**Assigned task**
Output the listing below verbatim, without images.

Given data Start Marker

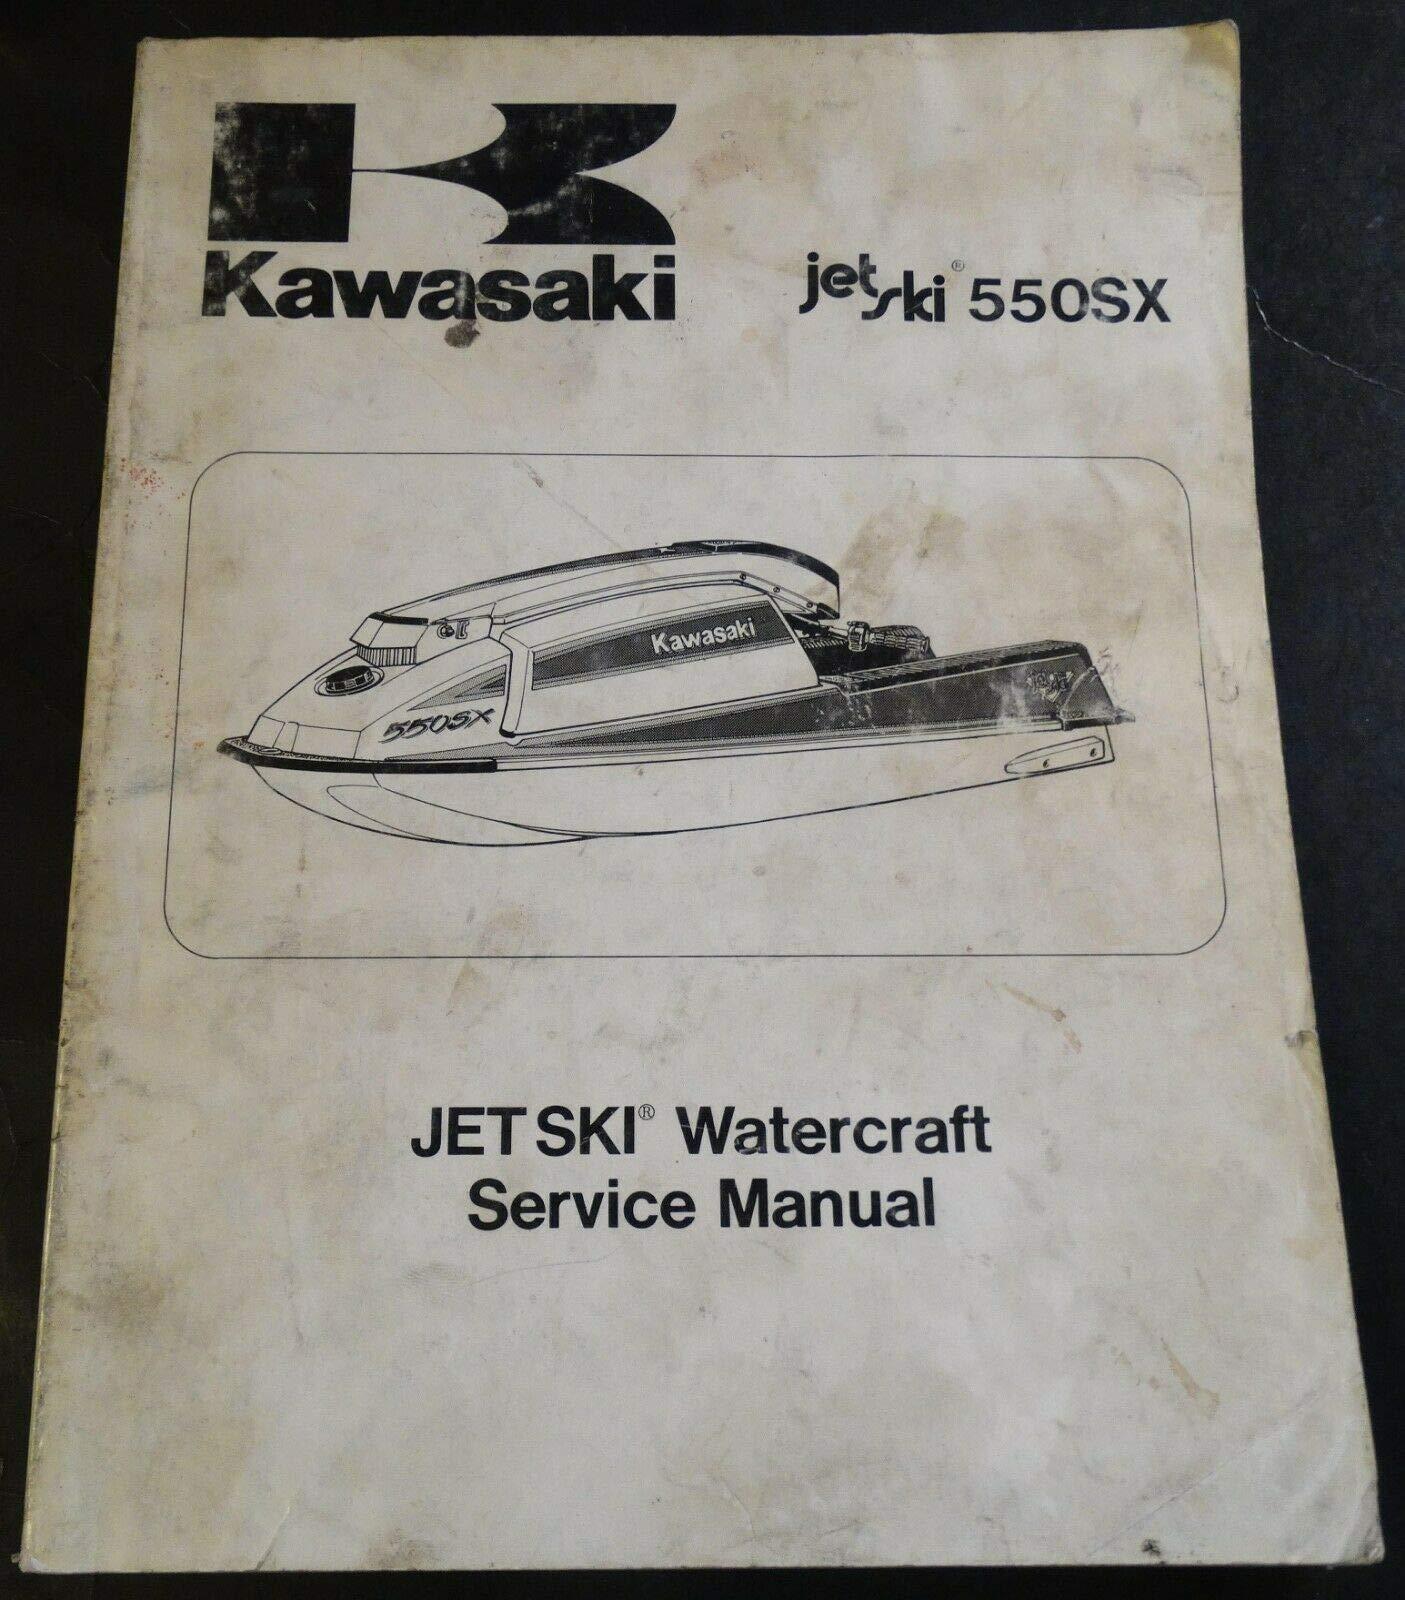 1990 Kawasaki Jet Ski 550sx P N 99924 1120 01 Service Manual 726 Kawasaki Amazon Com Books
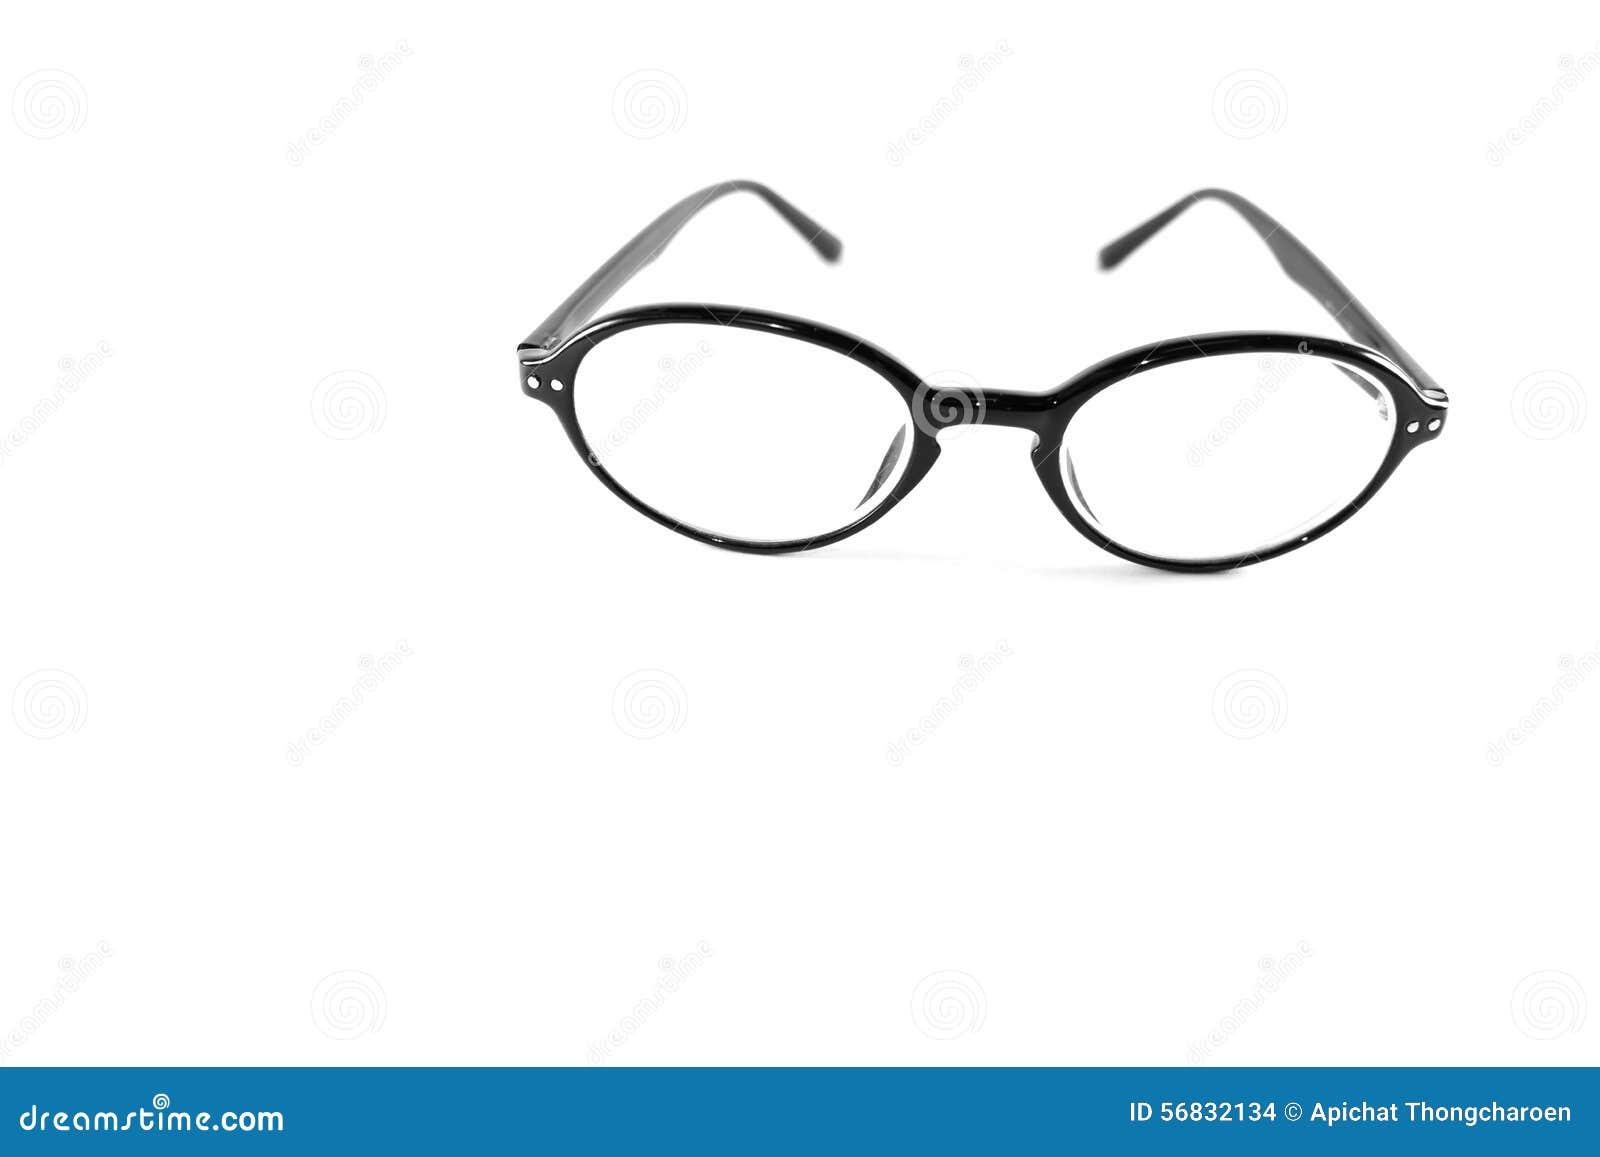 Μαύρα γυαλιά στο άσπρο υπόβαθρο
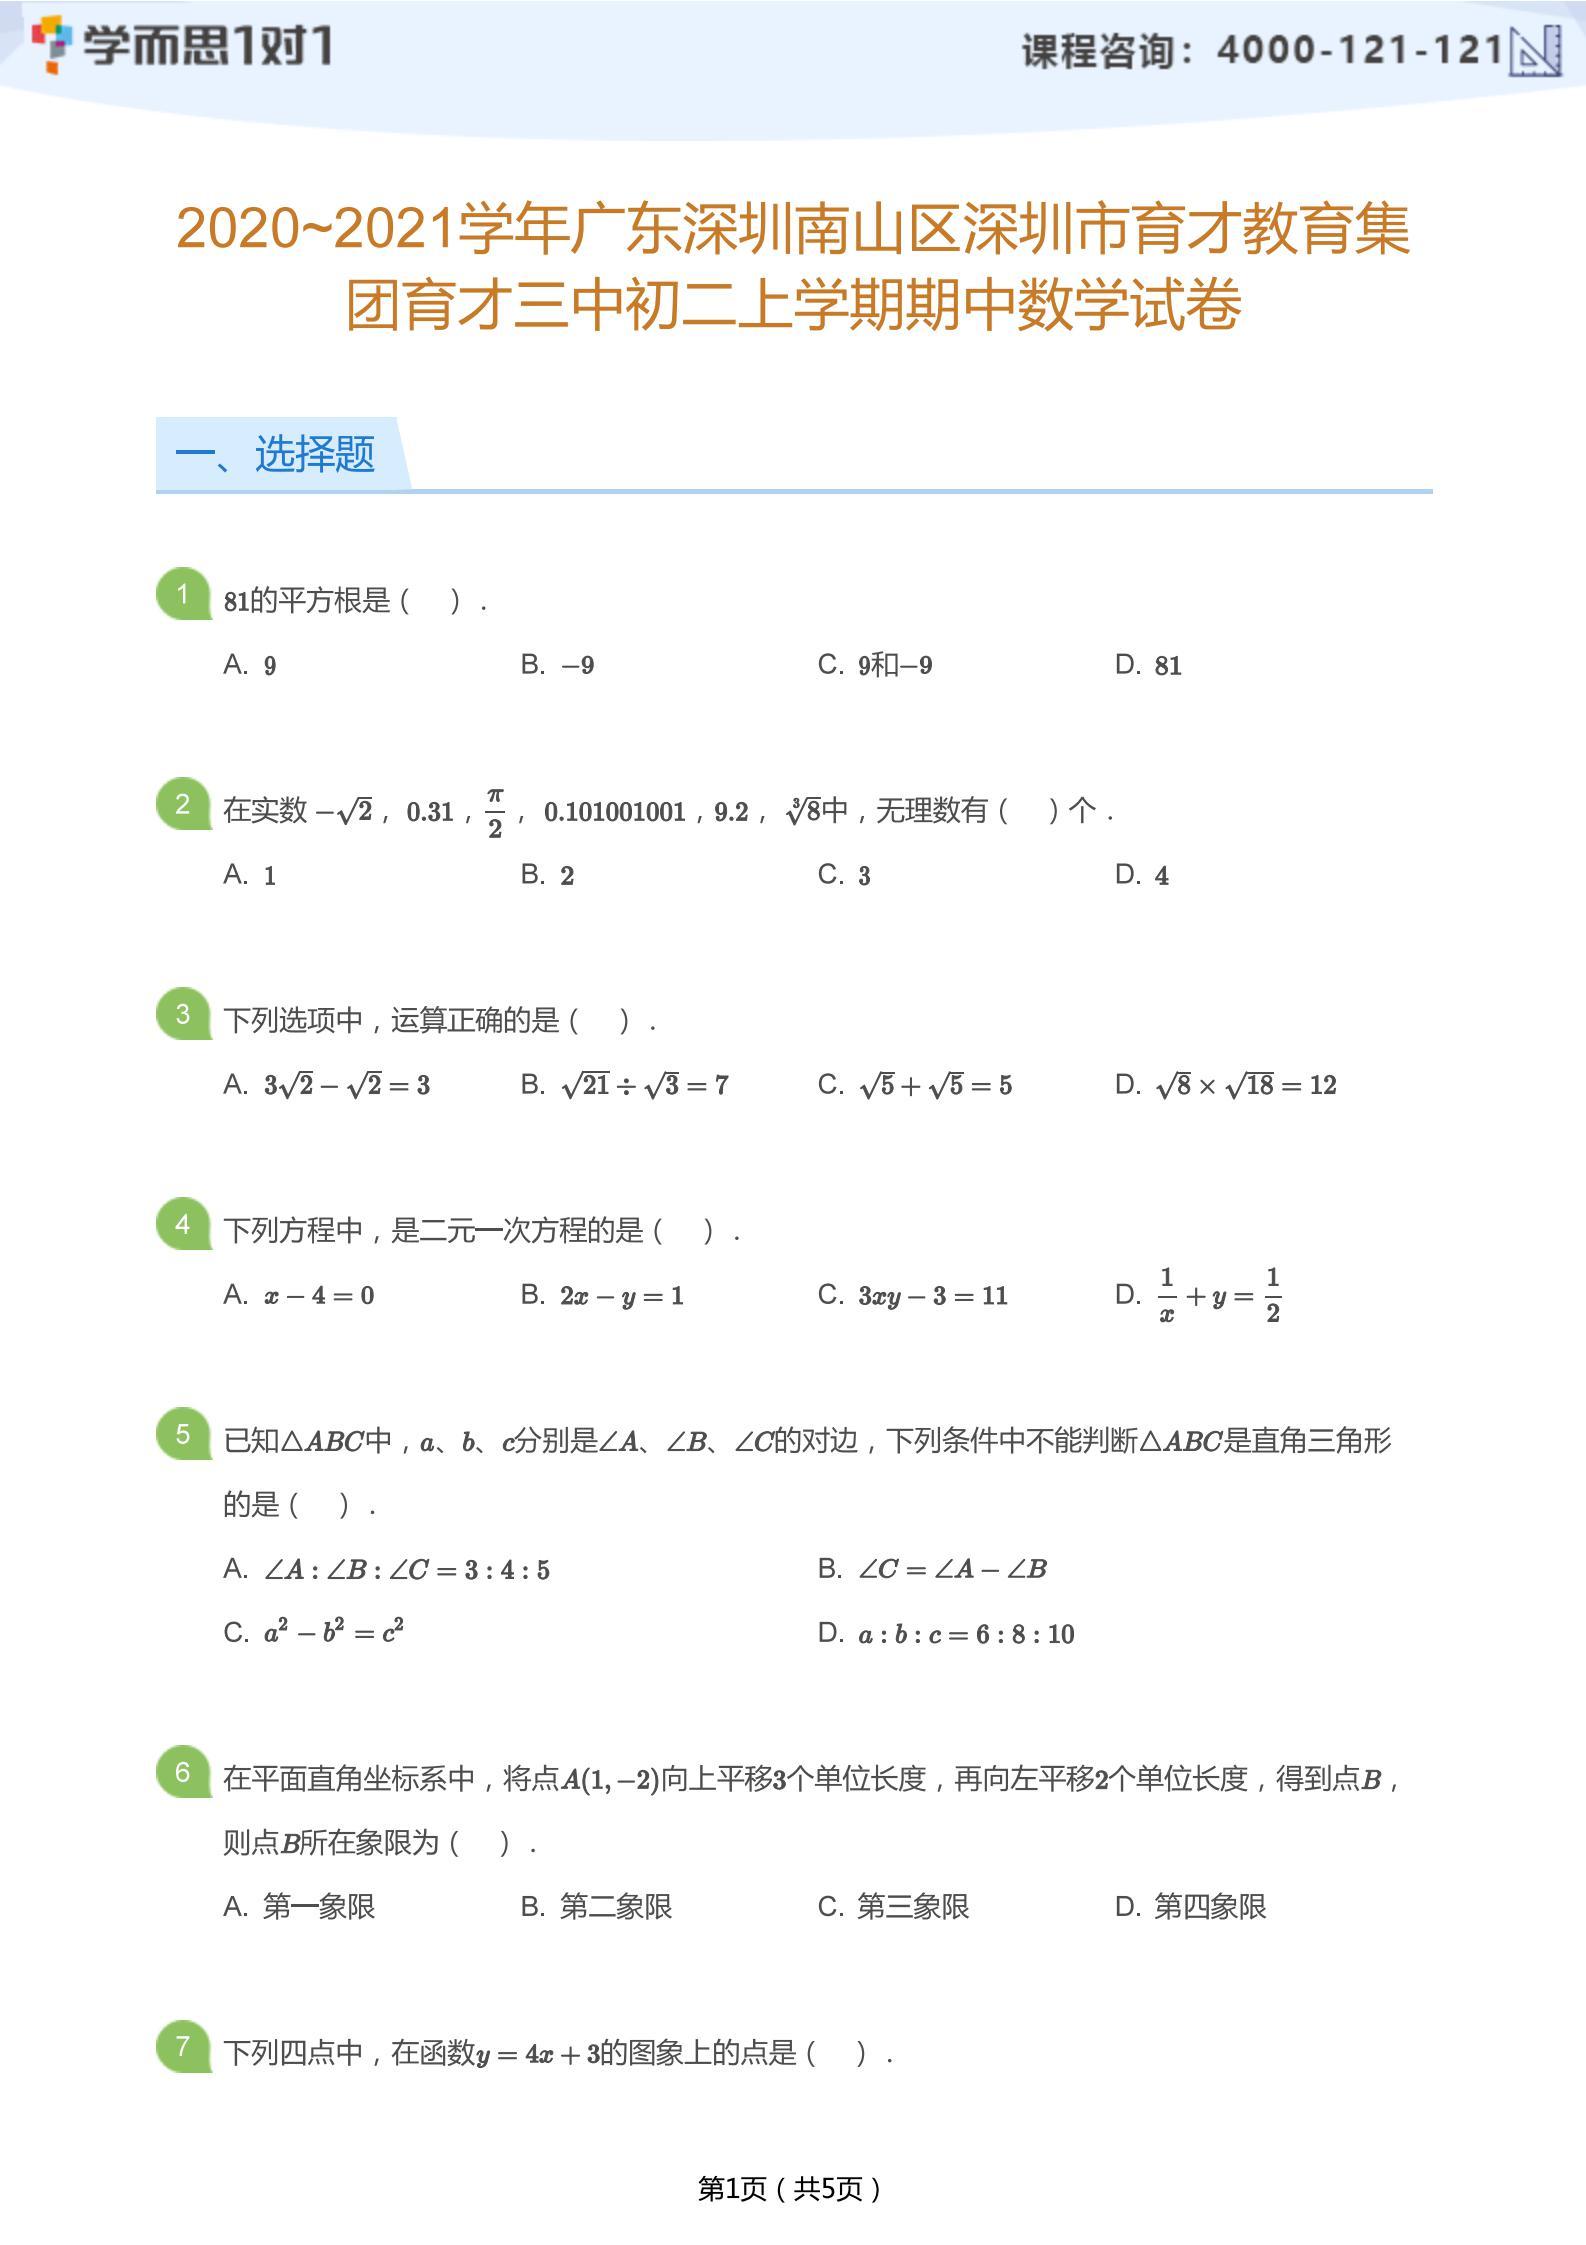 2020-2021学年深圳育才三中初三上学期期中数学试题及答案

Given data End Marker

**Solved problem**
 1990 Kawasaki Jet Ski 550sx P N 99924 1120 01 Service Manual 726 Kawasaki Amazon Com Books
 Μαύρα γυαλιά στο άσπρο υπόβαθρο
 2020-2021学年深圳育才三中初三上学期期中数学试题及答案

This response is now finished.